Grâce au souci de parité et de représentativité chez Maria’M, non seulement entre chrétiennes et musulmanes, mais aussi à l’intérieur des traditions elles-mêmes, j’ai pu connaître plus personnellement des croyantes liées à l’Église anglicane, à l’Église Unie, à l’Église orthodoxe et d’autres engagées dans des organismes ou des collectives comme L’autre Parole, Femmes et ministères, l’Association des religieuses pour les droits des femmes, ou encore des chrétiennes simplement chrétiennes, sans affiliation ou pratique particulière… Du côté de l’islam, j’ai pu découvrir des pratiques religieuses et spirituelles racontées par des femmes musulmanes issues d’une diversité de cultures et de traditions – sunnite, chiite, soufie – ou encore sans appartenance précise, comme dit l’une d’elles, simplement « abrahamique », en référence à l’ancêtre commun des monothéismes.
Nos soirées thématiques sur la foi ont permis d’échanger à propos de nos manières de prier, du sens du pèlerinage, de la description et de la signification des fêtes musulmanes de l’Aïd, des fêtes chrétiennes de Noël et de Pâques, entre autres. Nos soirées dédiées à des thèmes sociaux nous ont encouragées à discuter de nos parcours féministes, de la justice sociale, de la libération de « nos corps, notre Terre et nos territoires » (Marche mondiale des femmes 2015), de la laïcité et de ses enjeux…
Avec le temps et la confiance qui s’est développée, nous avons aussi pu nous exprimer plus personnellement sur nos défis et nos souffrances (mais aussi nos résistances et nos succès!) en tant que femmes au sein de réalités religieuses institutionnelles (églises, mosquées, communautés formelles…). En décembre 2014, nous avons vécu, pour la première fois, une soirée d’échange à partir de la figure commune de Marie, présente dans la Bible et dans le Coran. Le nom du groupe y fait d’ailleurs référence. Plus récemment, le thème de la miséricorde, une notion commune et importante dans les deux traditions, a fait l’objet d’une soirée. Au fil des rencontres, nous inventons des rituels : nous nous sommes donné des foulards colorés aux tons de terre (jaune, ocre, rouge, marron) en guise de symbole d’appartenance, nous avons composé des prières, vécu un rite de pardon…
En écoutant les femmes musulmanes, j’ai pu mieux connaître certains récits du Coran et j’ai surtout eu envie de les explorer davantage afin de dépasser les préjugés qui abondent.
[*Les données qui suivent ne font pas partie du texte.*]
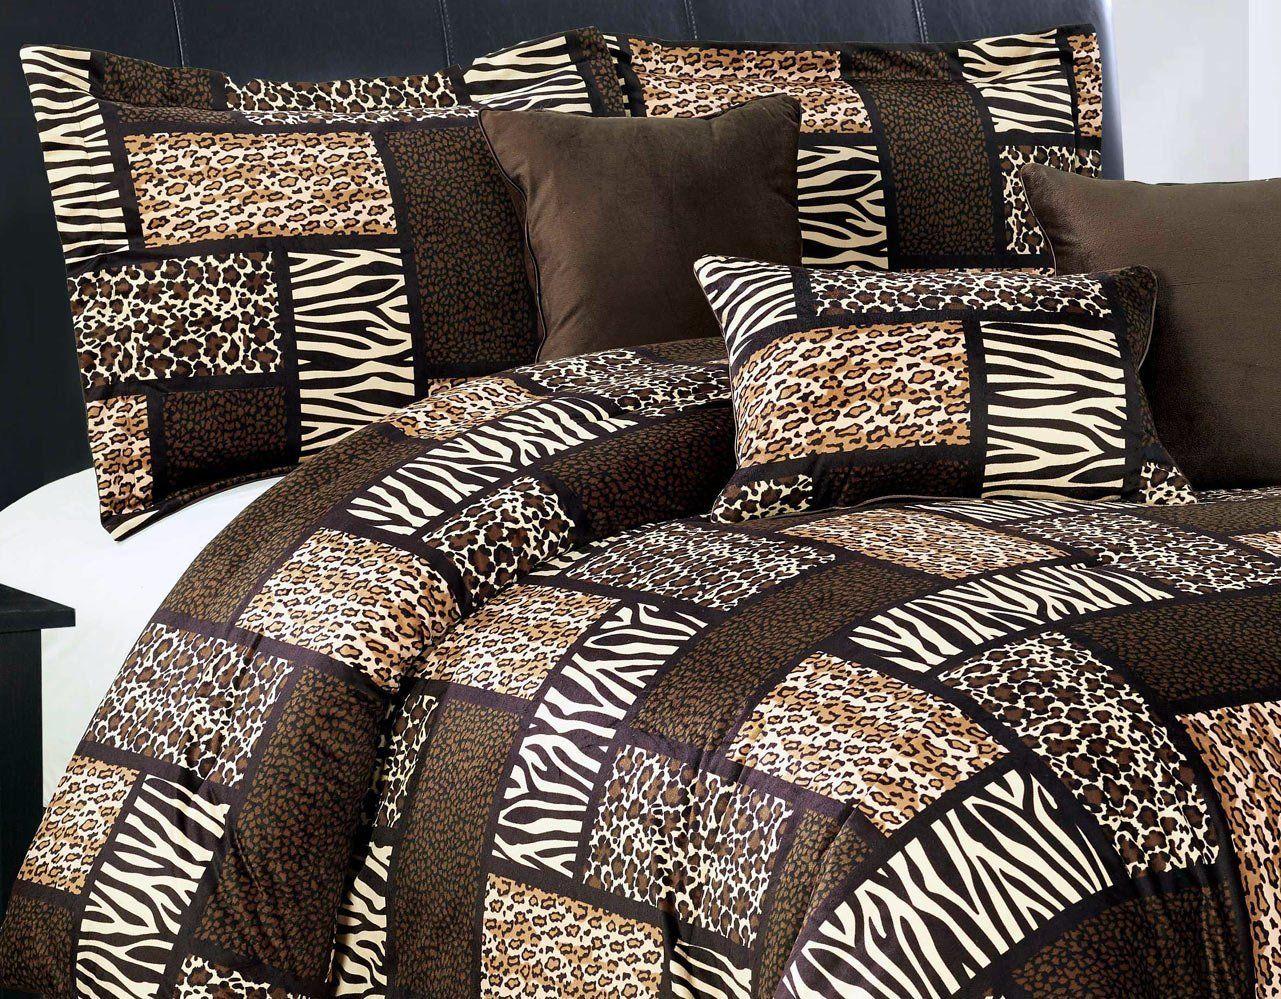 7 Piee Queen Size Safari Comforter Set Leopard Tiger Zebra Etc

Comme chrétienne, j’ai pu rendre compte, avec mes consœurs, de l’expérience d’interpréter des textes bibliques en en cherchant leur sens et en les actualisant en lien avec des enjeux actuels de justice et de paix.
Les échanges avec les femmes d’autres confessions ou d’une autre religion m’ont interpellée quant aux doctrines concernant les personnes LGBTQ dans le catholicisme, tandis que d’autres églises et des voix musulmanes évoluent en faveur d’une reconnaissance de leurs droits et de leur inclusion. Si l’Église catholique prône bien sûr l’accueil, son discours en est encore un de condamnation. Suffit-il d’accueillir alors qu’une personne homosexuelle, trans ou queer est jugée intrinsèquement comme désordonnée et pécheresse?
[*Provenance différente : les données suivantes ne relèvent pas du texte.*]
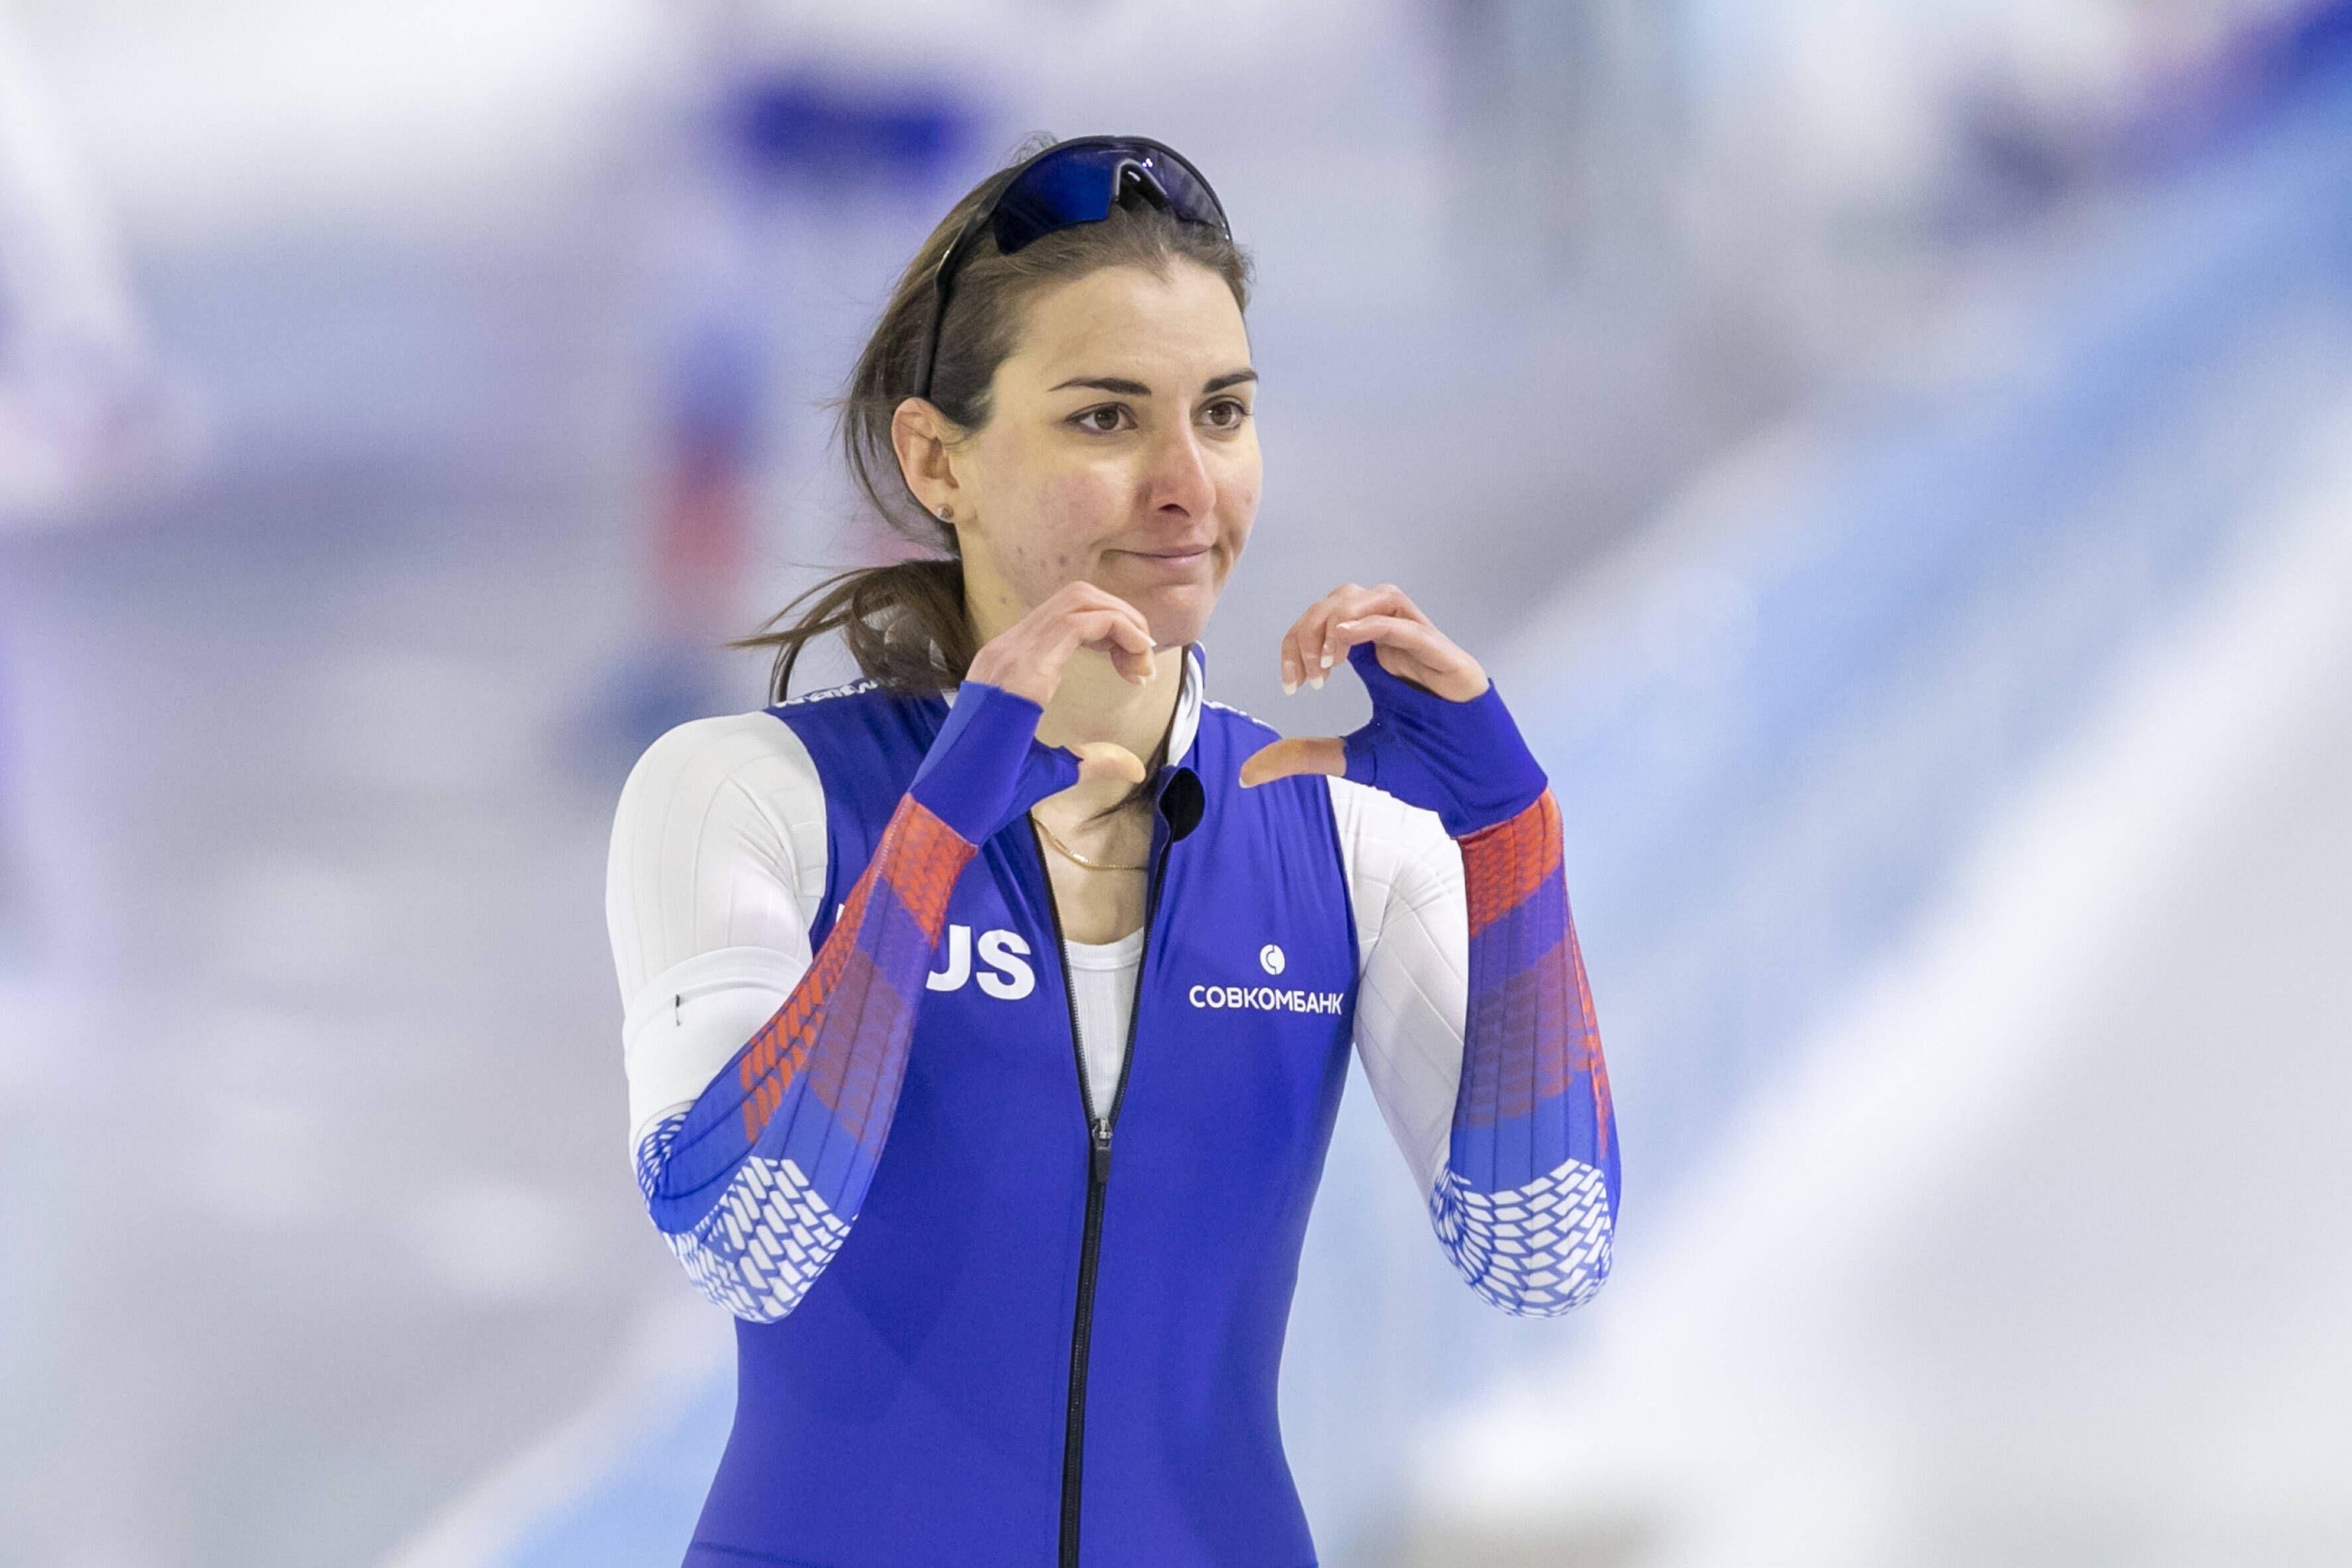 Голикова - о победе в забеге на 500 метров на ЧМ: 'Это вопрос судьбы'

L’une des choses les plus marquantes a été pour moi de constater la fierté de croire des personnes de foi musulmane et, notamment, la force des femmes qui subissent des préjugés, du dénigrement, voire des violences verbales et physiques en raison des signes extérieurs de leur foi, tel le port du voile. Comme chrétienne ayant grandi dans un Québec où il est gênant de dire sa foi, cela m’a interpellée et continue de me pousser à vivre ma foi dans moins d’enfermement et à encourager les occasions de partage de foi qui promeuvent le dialogue et l’éducation.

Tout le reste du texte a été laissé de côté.